The following example shows how an administrator might copy, unzip and start OWF from the bundle deployment on *nix operating systems, assuming the bundle is named OWF-bundle-7-GA.zip:

cp OWF-bundle-7-GA.zip/opt/.
cd /opt
unzip OWF-bundle-7-GA.zip
cd apache-tomcat-7.0.21
./start.sh

The following example shows how an administrator might copy, unzip, and start OWF from the bundle on Windows operating systems, assuming the bundle is named OWF-bundle-7-GA.zip:

  1. Create a new directory from where OWF will be run. This can be done via the Windows UI or a command prompt.
  2. Copy OWF-bundle-7-GA.zip to the new directory created in step 1.
  3. Right-click on OWF-bundle-7-GA.zip and select open, explore or the command for the system’s default zip/unzip program.
  4. Unzip/unpack the bundle into the new directory created in step 1.
  5. From a command-line, run start.bat from within the apache-tomcat-7.0.21 directory.

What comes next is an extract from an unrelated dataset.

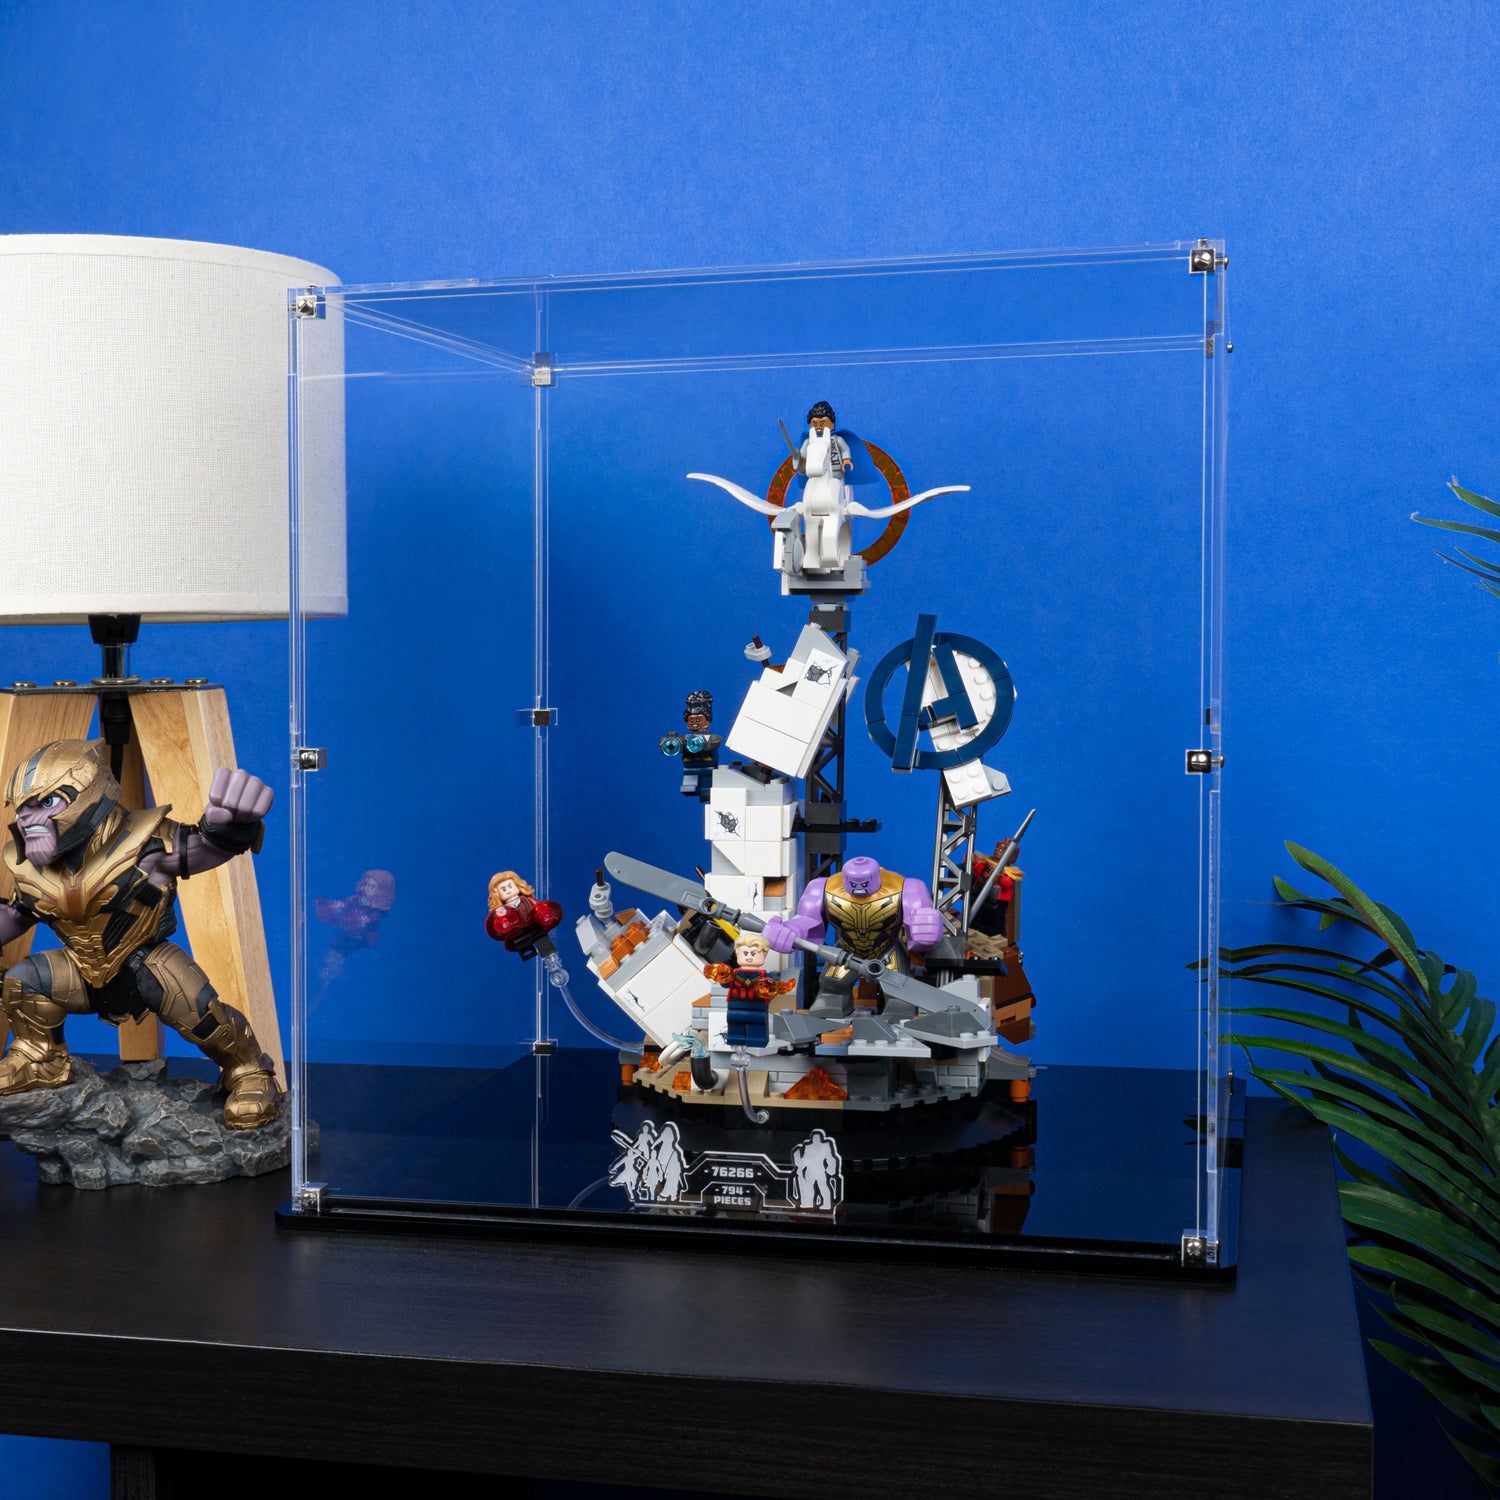 Protect this iconic scene with our crystal clear Acrylic display case

The use of the bundled deployment archive provides all of the necessary mechanisms to deploy and run the Tomcat Web container on any Java 1.6+ enabled system.

#2 Default Installation

Running the OWF Bundle via the included Tomcat Web server with the default values requires minimal installation. With standard configuration, OWF makes use of the default authentication module, which provides X509 authentication/authorization, with CAS as a fallback if the framework cannot authenticate the user via certificates installed in their browser.

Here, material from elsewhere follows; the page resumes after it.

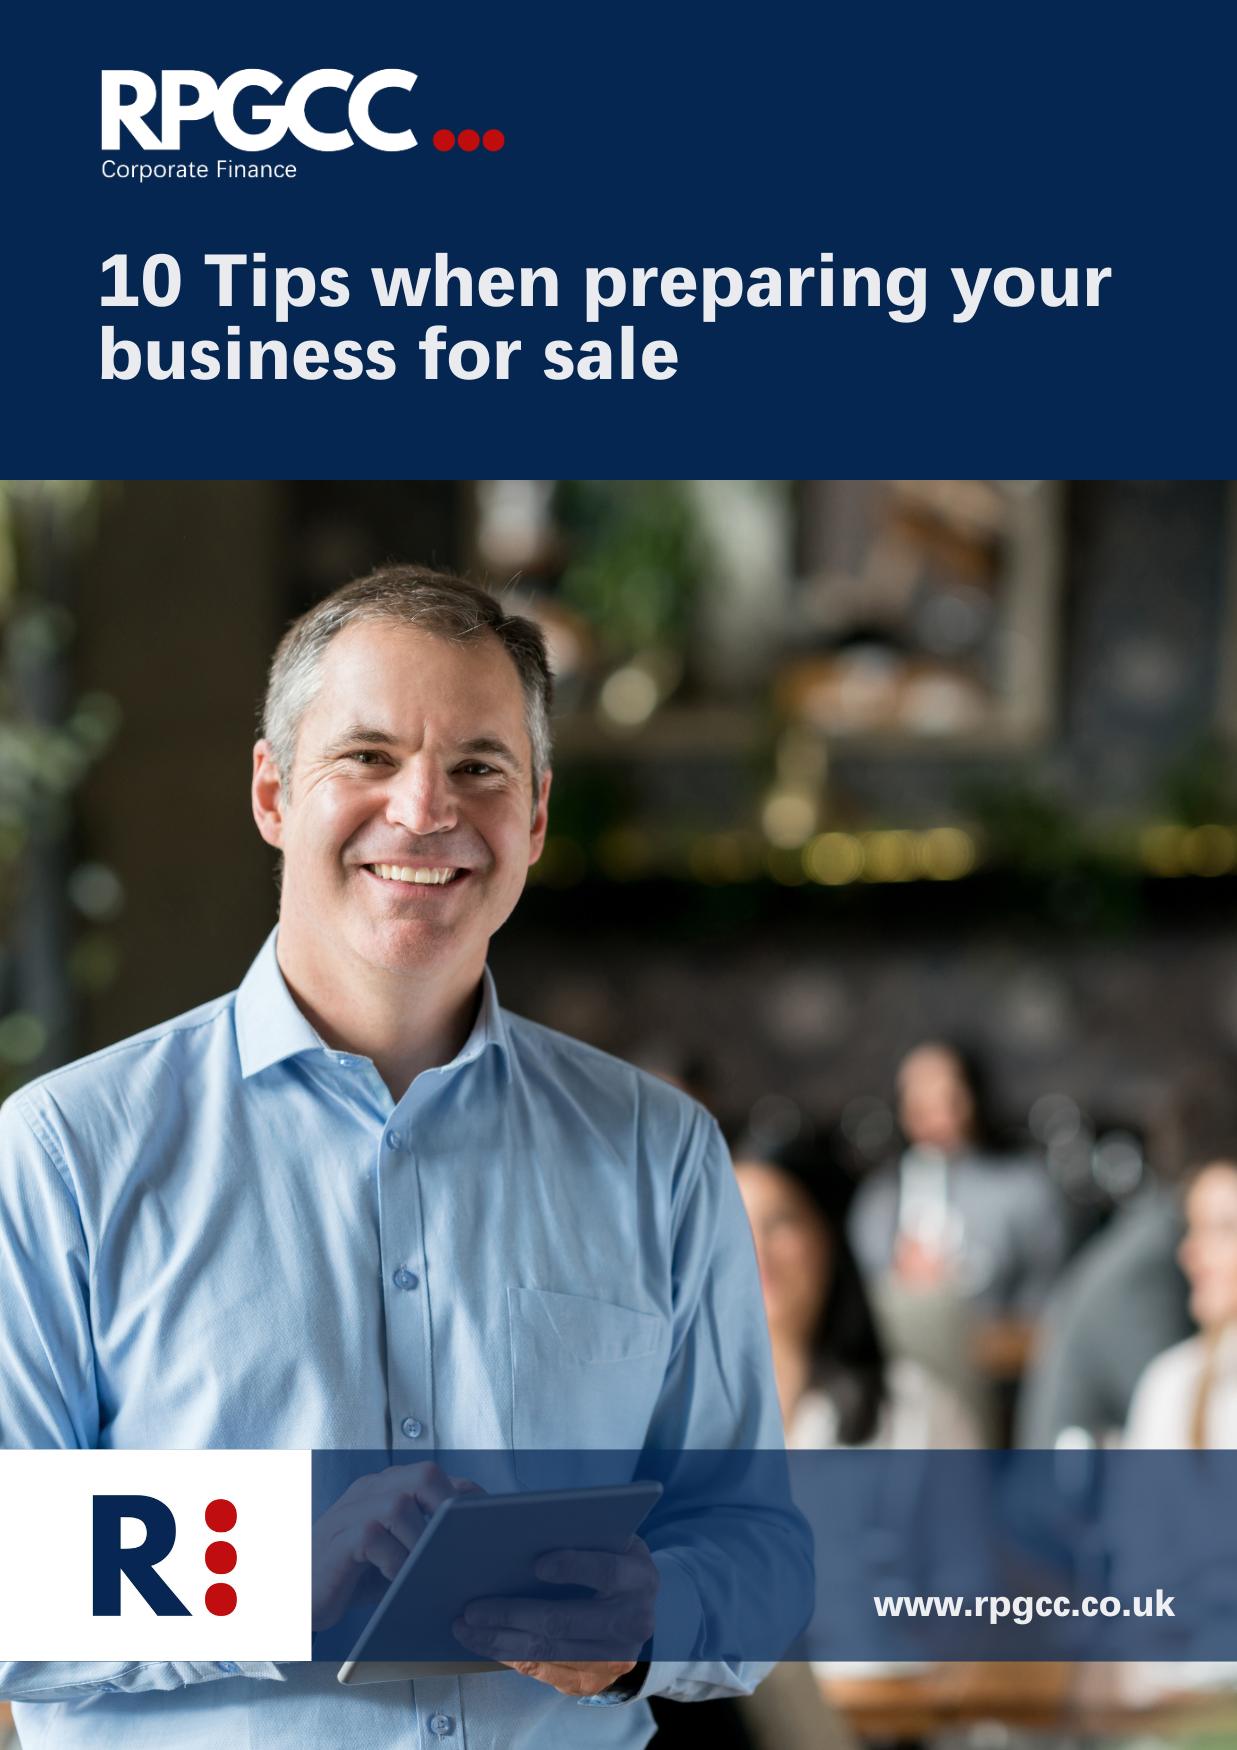 10 tips when preparing your business for sale

Note: If OWF 7 is installed as an upgrade, please see Upgrading to OWF 7.

The application uses a KeyStore and a Truststore which are local to the installation. There is no need to install any certificates into the server’s Java installation. The default certificates contained in the OWF Bundle only function for localhost communications. When accessed from a remote machine with a name that differs from localhost, while using the included certificates, OWF will not function correctly. Accordingly, see the Server Certificate Creation and Installation section for information about creating additional certificates.

###Installing User PKI Certificates By default, the security infrastructure of the OWF Bundle is configured to use client certificates with CAS fallback. In order to identify themselves via certificates, clients need to install a PKI certificate into their Web browser. The client certificates that are included with the OWF bundle will be recognized immediately and can be used in the default security configuration. The certificates are located in the \apache-tomcat-7.0.21\certs directory of the OWF bundle.

The default client certificates can be used by importing the included testUser1.p12 or testAdmin1.p12 certificate into the user’s browser. In Internet Explorer, client certificates can be added by selecting Tools → Internet Options → Content → Certificates → Personal, and then clicking the Import button. The certificate testUser1 grants rights to use the application, while testAdmin1 is a certificate for a user granted both user rights and administrator rights. The private key password for both certificates is password.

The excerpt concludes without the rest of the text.